**Task statement**
Please set down the data again exactly, minus the pictures.

**Data**
-------------------------

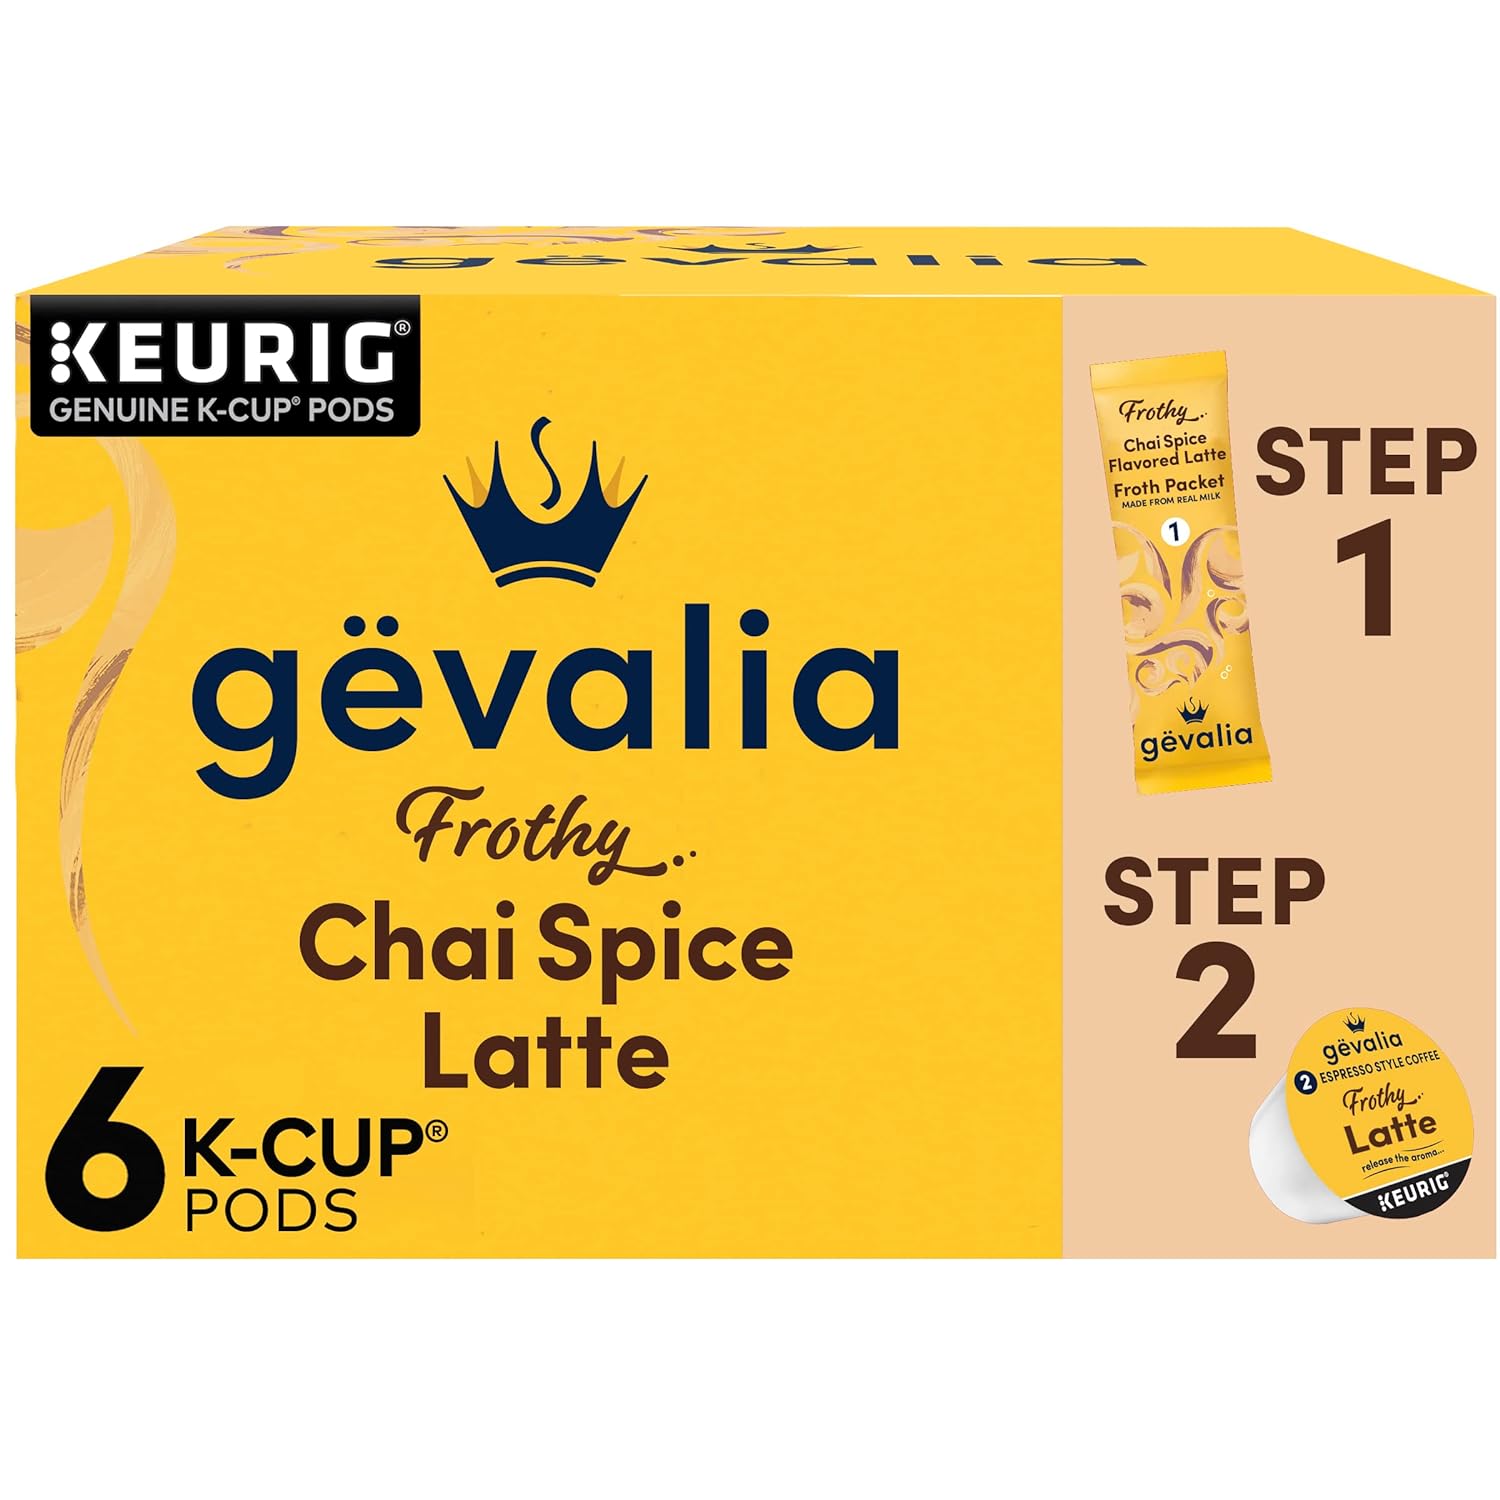 Gevalia -Chai Spice Flavored Latte Coffee (6 Pack, 5.64 oz each)
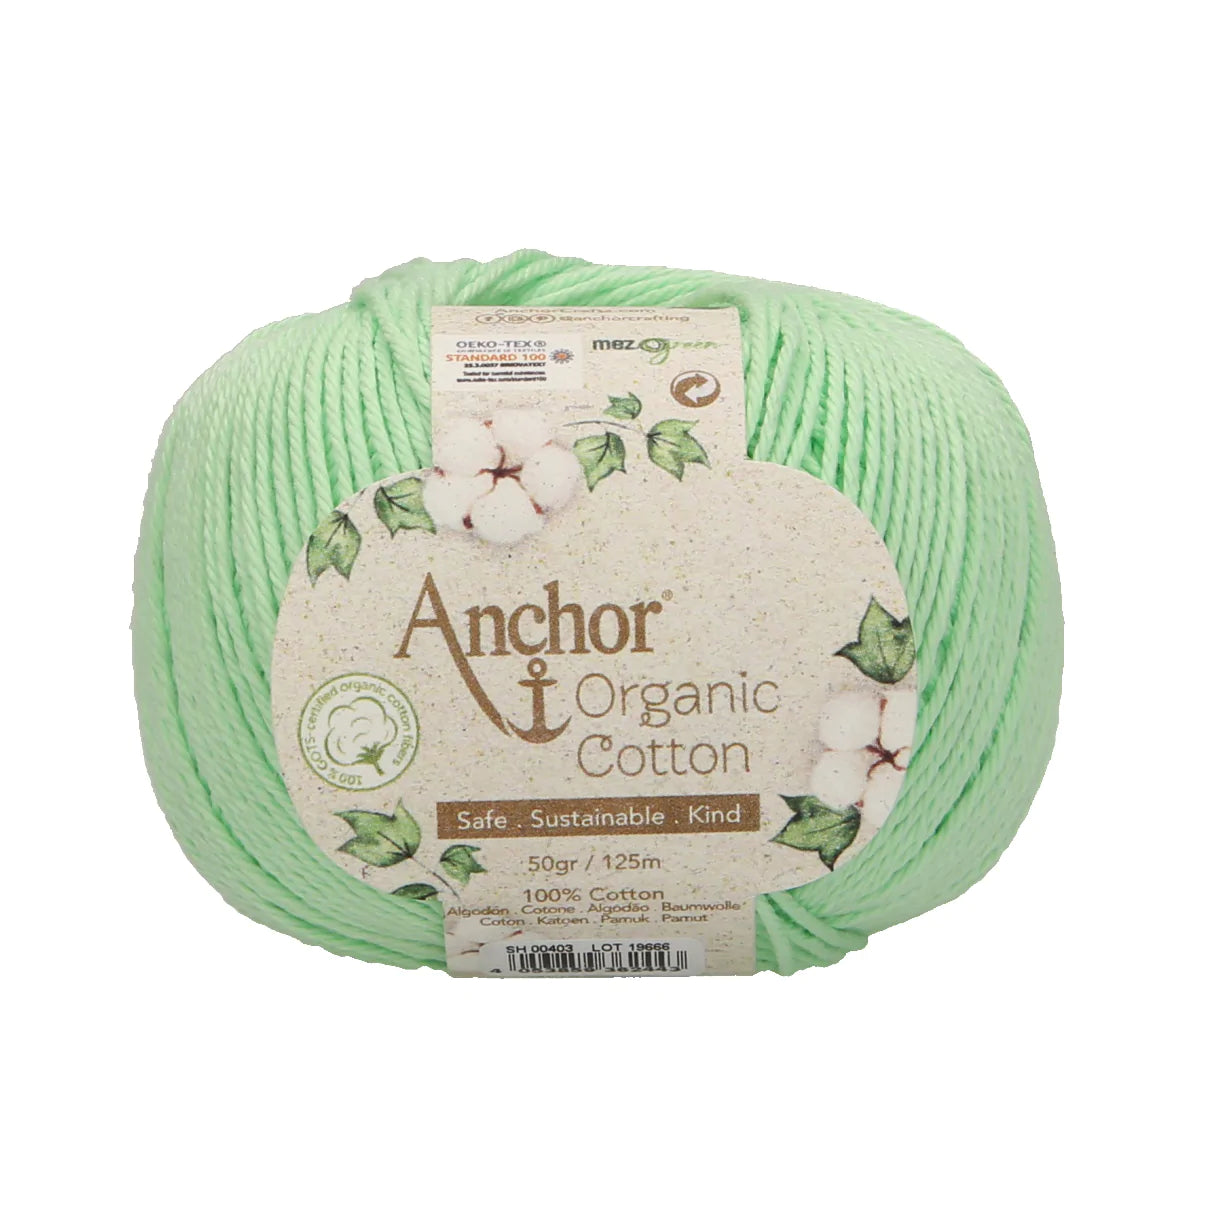 Anchor - Organic Cotton - 50g Ball - Aqua Wave Green
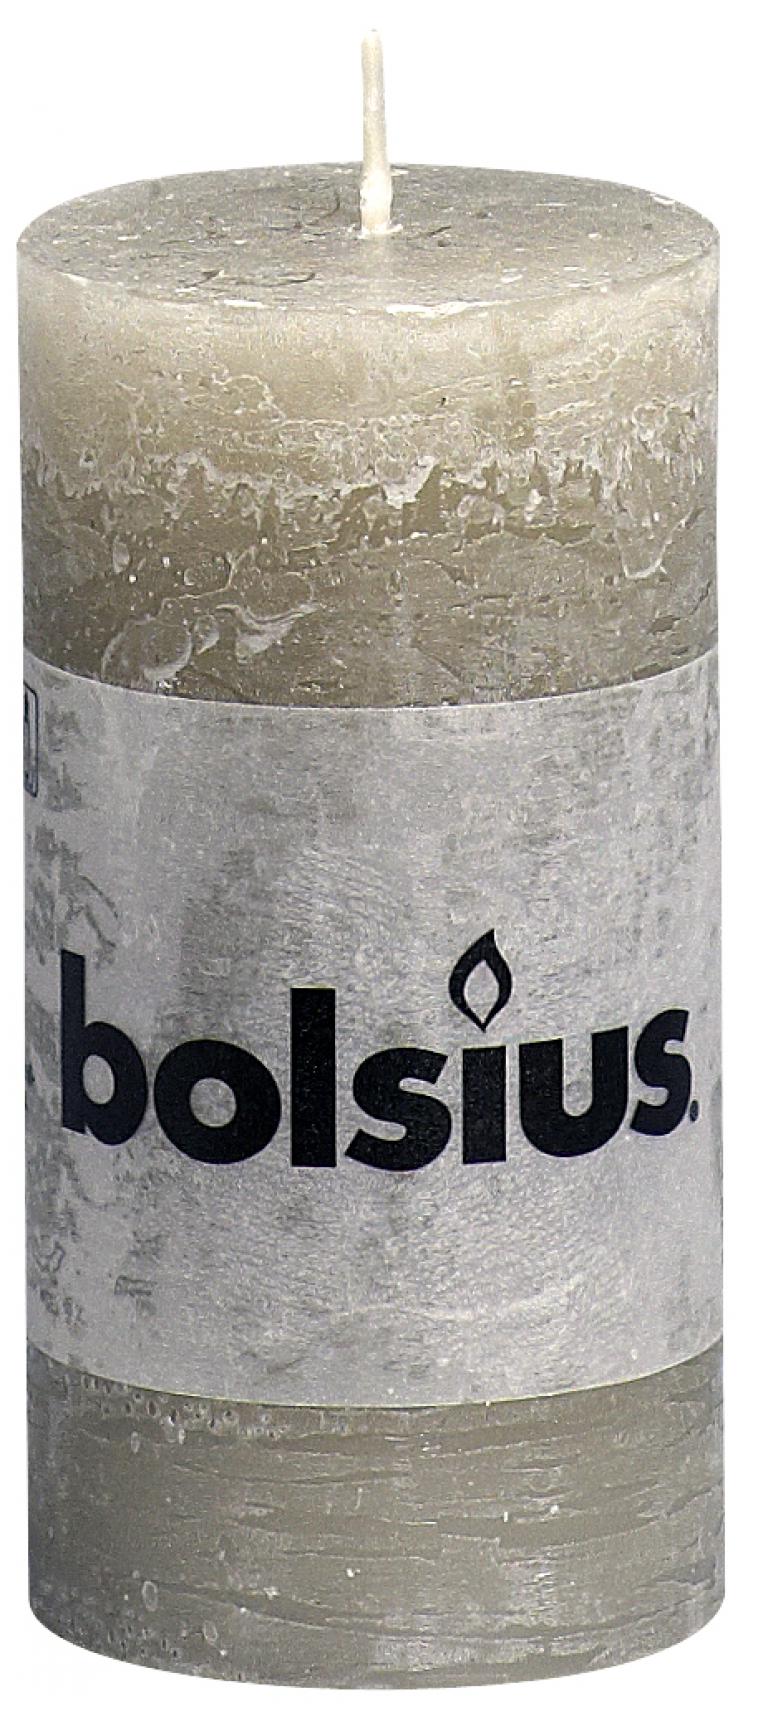 Bougie cylindre rustique Fading métallique or 80/68 - photo 10

-------------------------

**Problem solution**
 Gevalia -Chai Spice Flavored Latte Coffee (6 Pack, 5.64 oz each)
 Anchor - Organic Cotton - 50g Ball - Aqua Wave Green
 Bougie cylindre rustique Fading métallique or 80/68 - photo 10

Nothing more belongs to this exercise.